__DATASET EXTRACT__
***

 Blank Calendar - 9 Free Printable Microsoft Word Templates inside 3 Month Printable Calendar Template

***

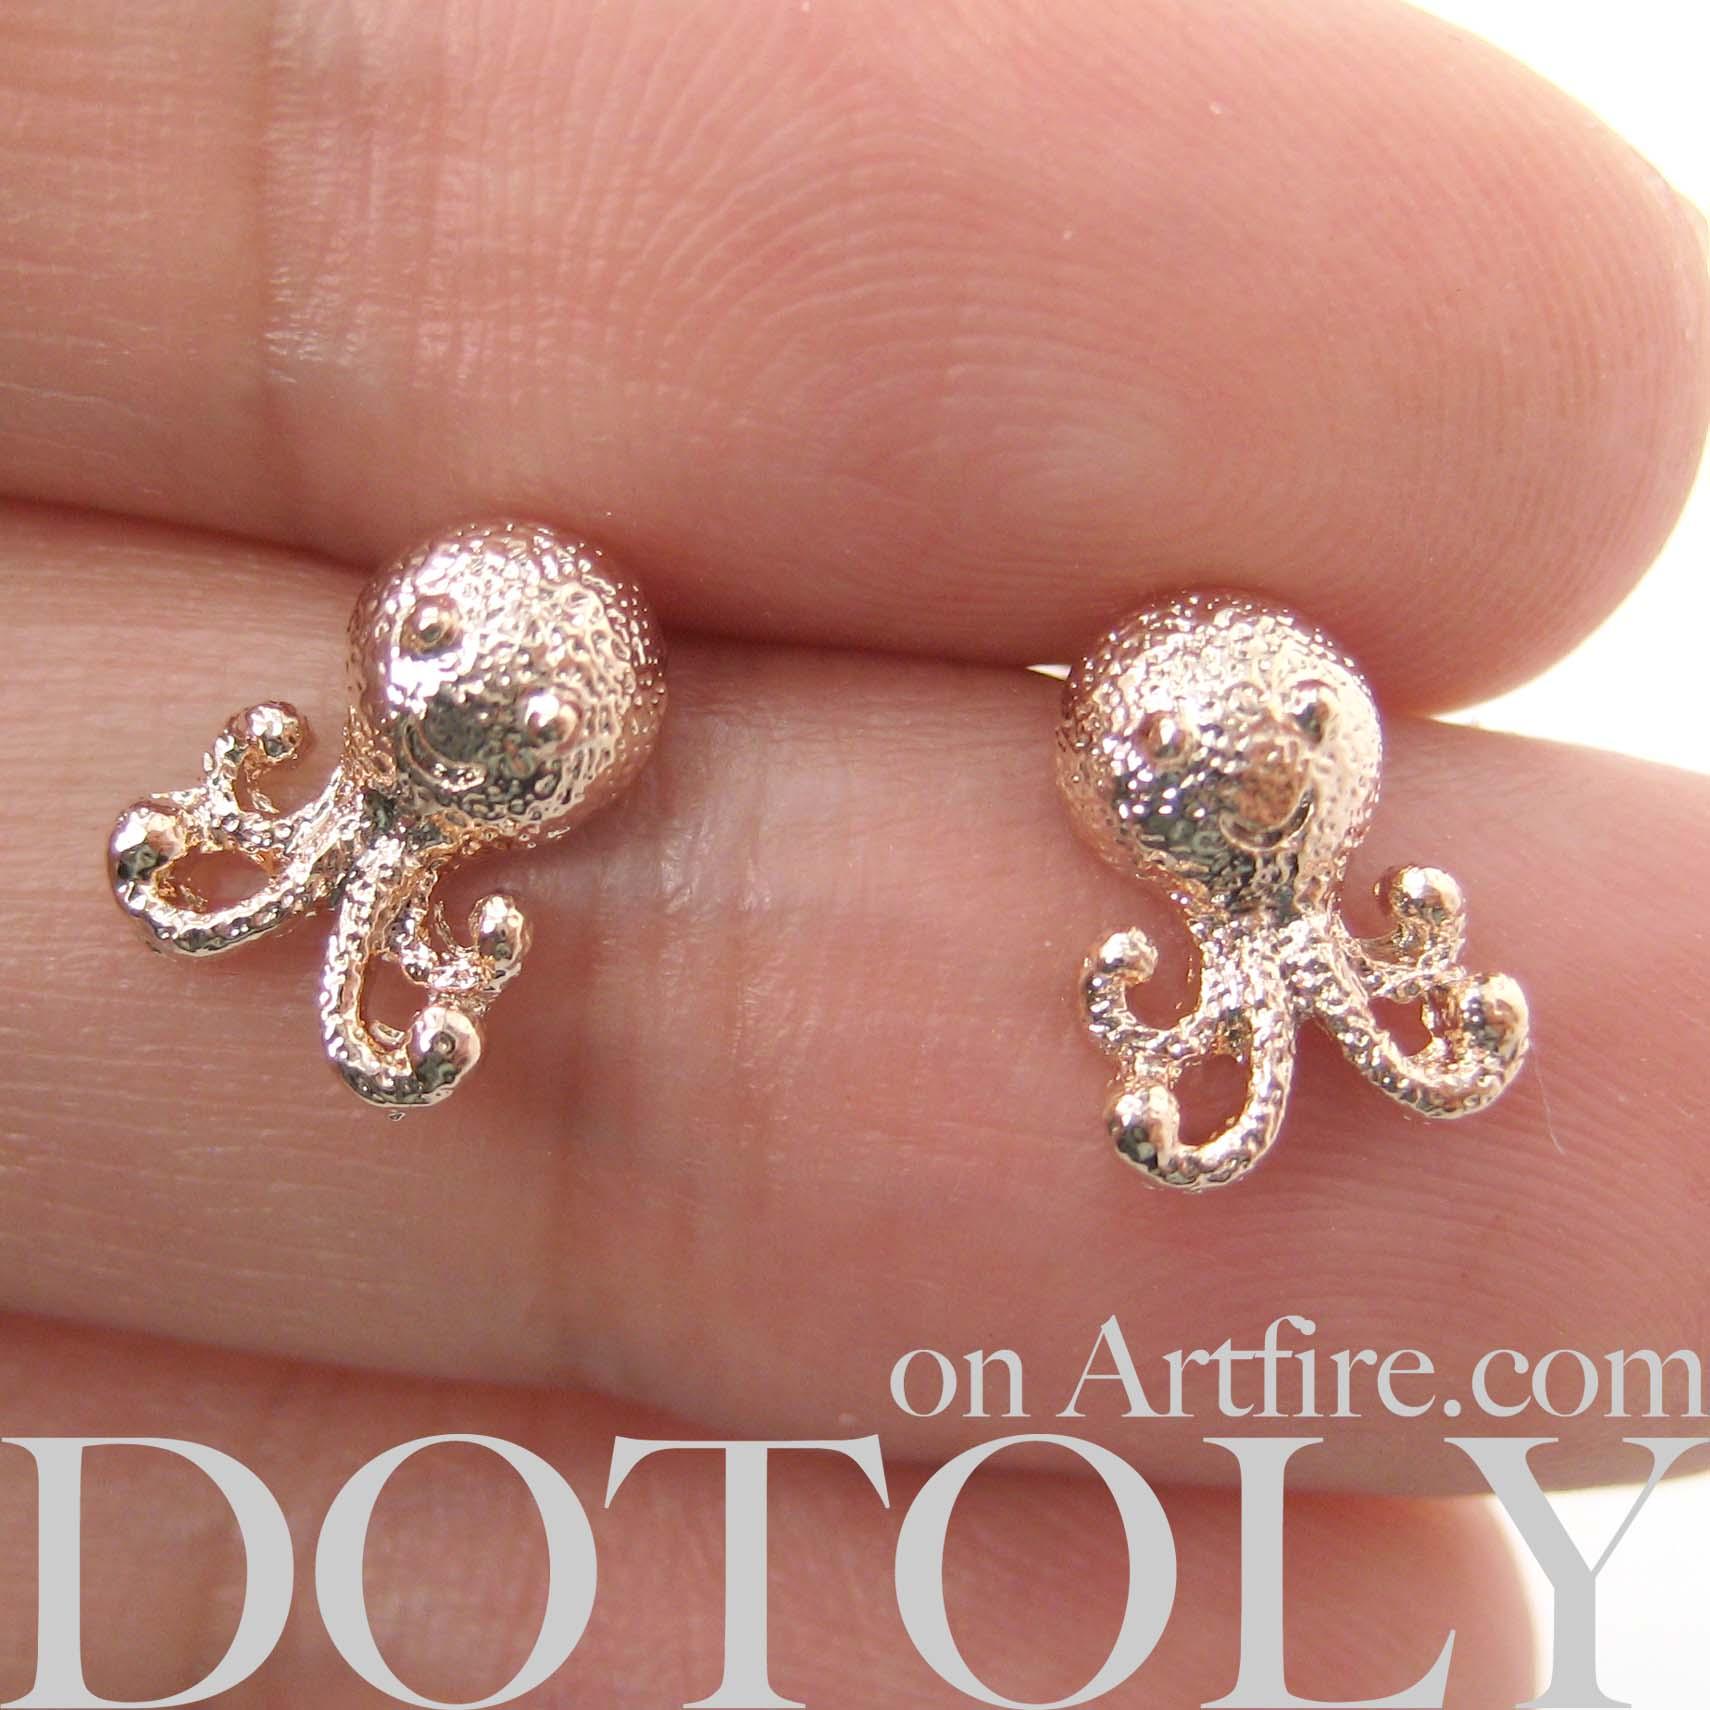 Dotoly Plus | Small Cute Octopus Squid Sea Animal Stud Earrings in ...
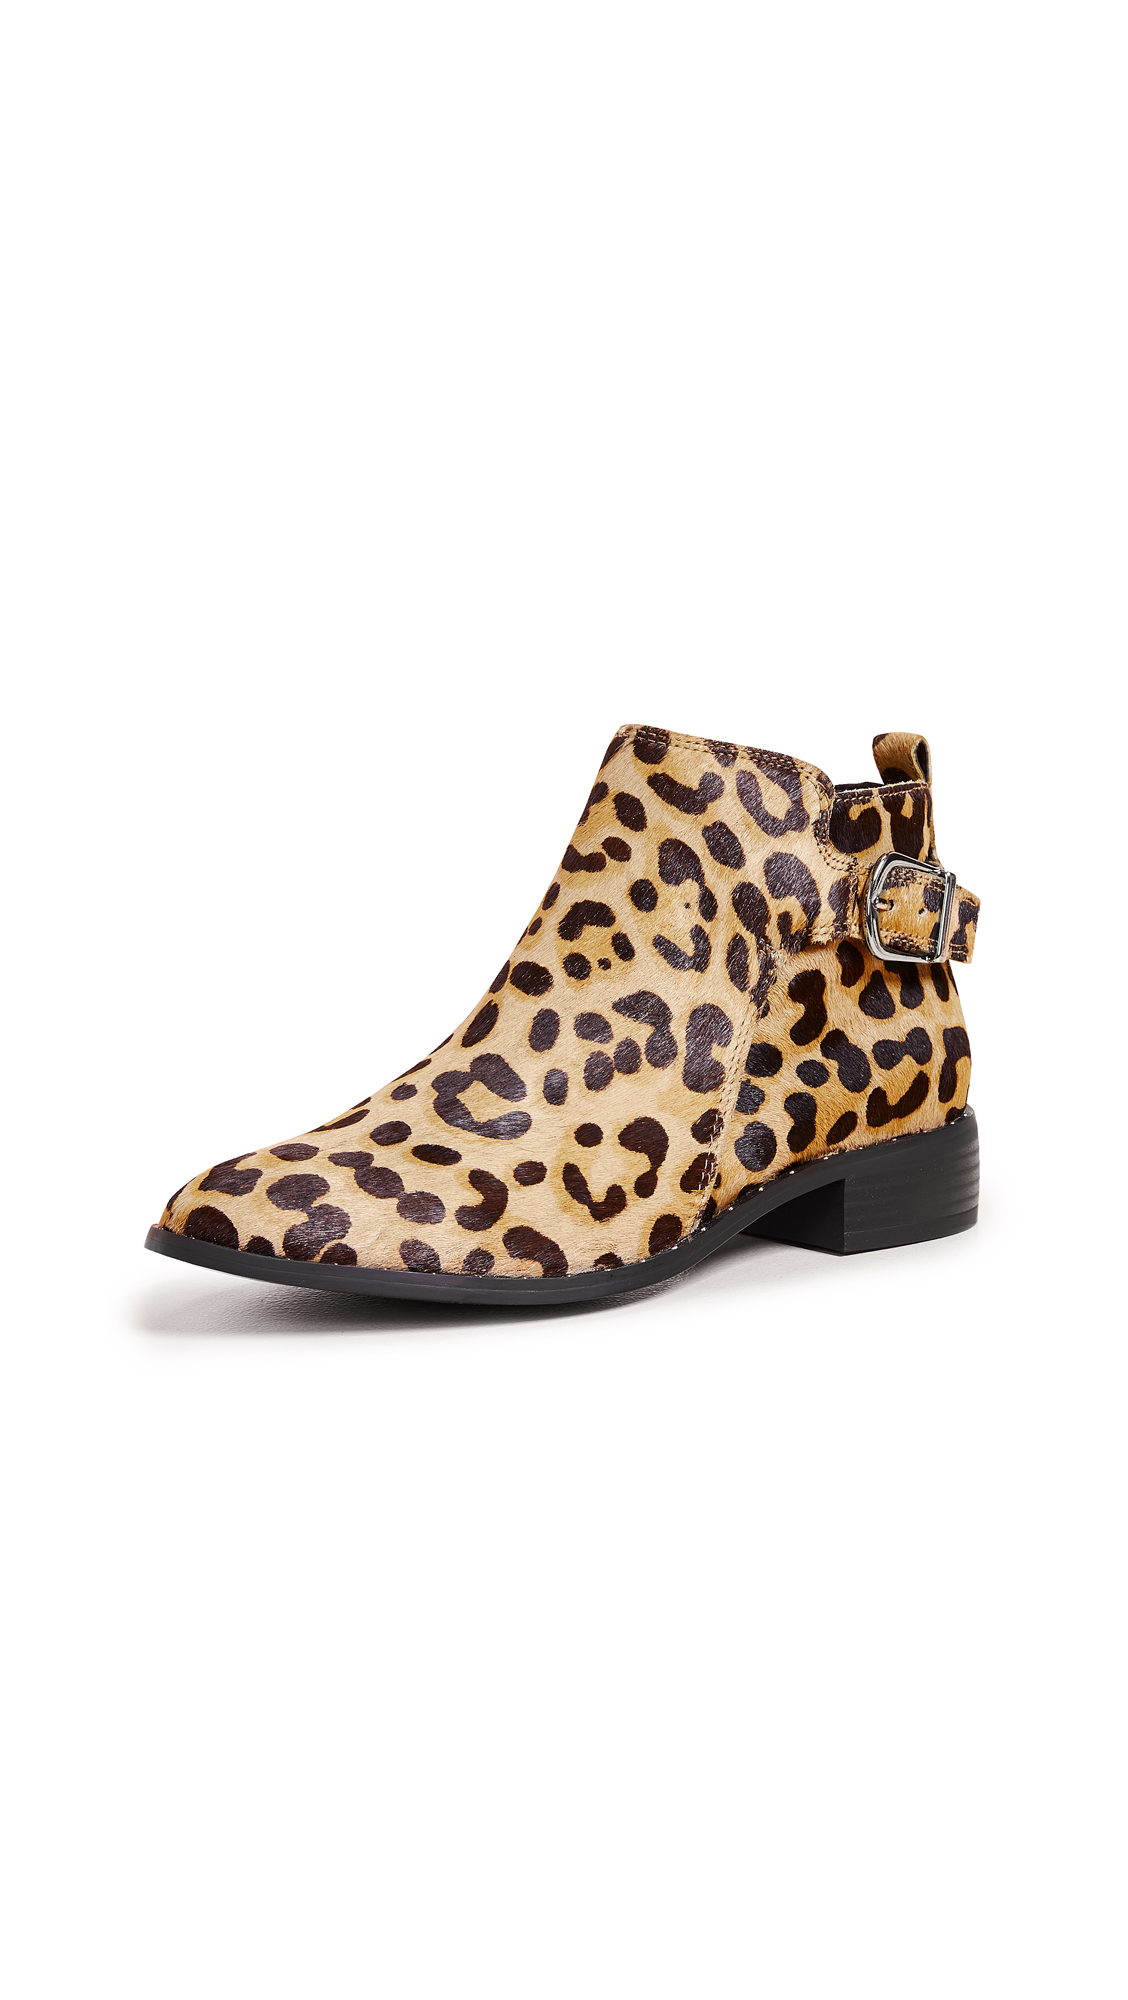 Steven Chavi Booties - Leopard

***

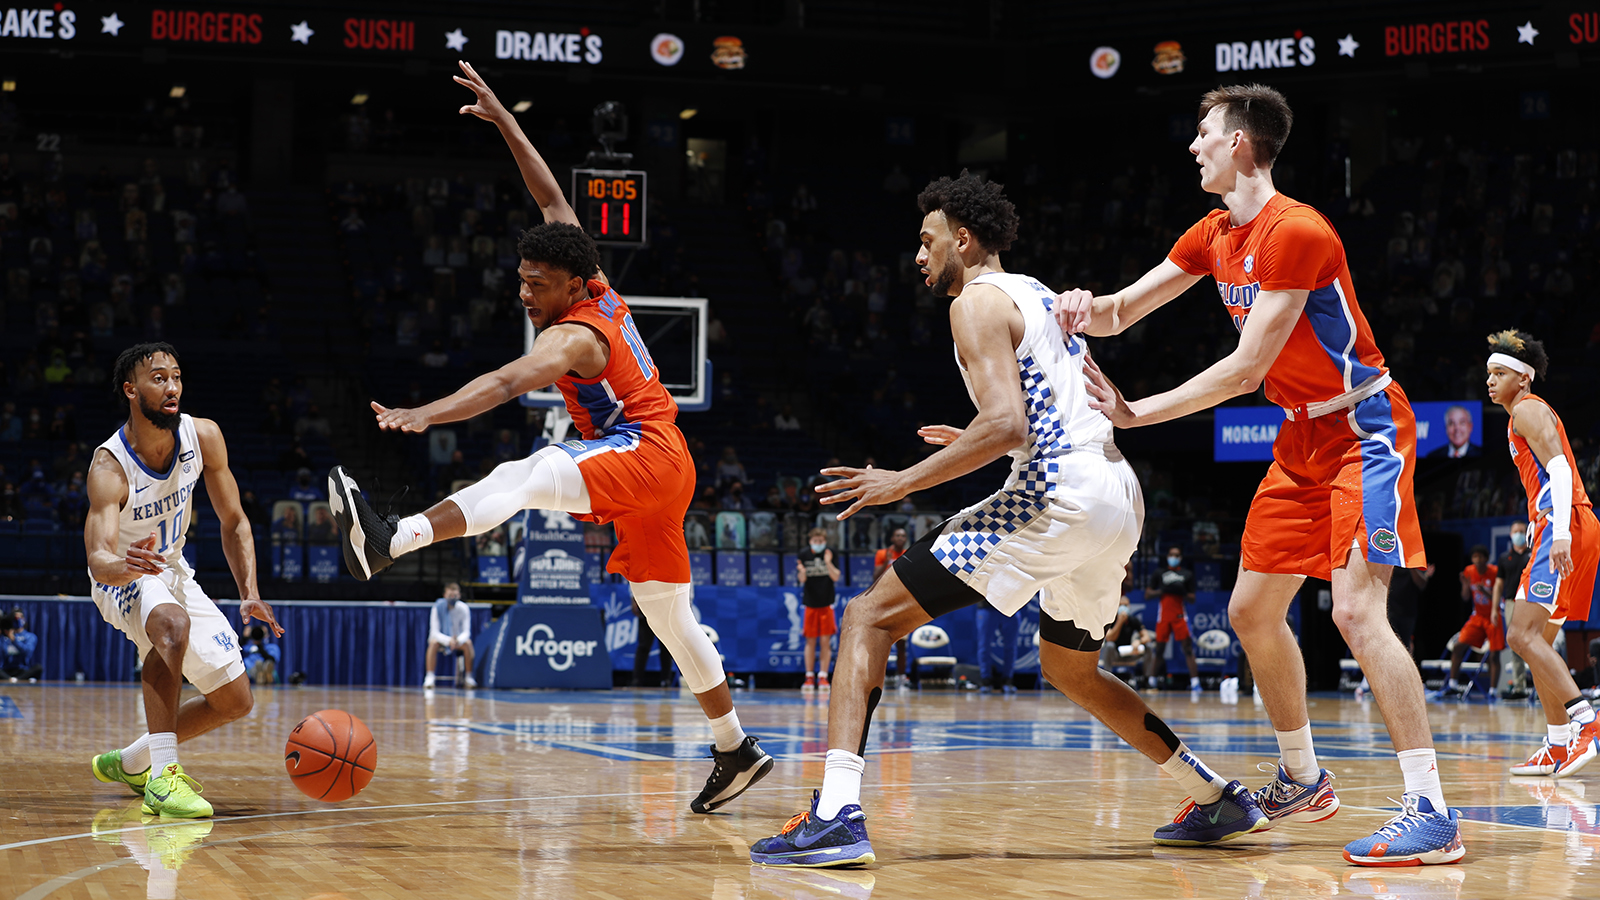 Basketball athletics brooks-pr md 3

***

__PROBLEM DETAILS__
In the data above, retype only the stretch from the line with "Dotoly Plus |" through the line with "Steven Chavi Booties - Leopard", word for word, and skip any pictures.

__RESULT__
 Dotoly Plus | Small Cute Octopus Squid Sea Animal Stud Earrings in ...
 Steven Chavi Booties - Leopard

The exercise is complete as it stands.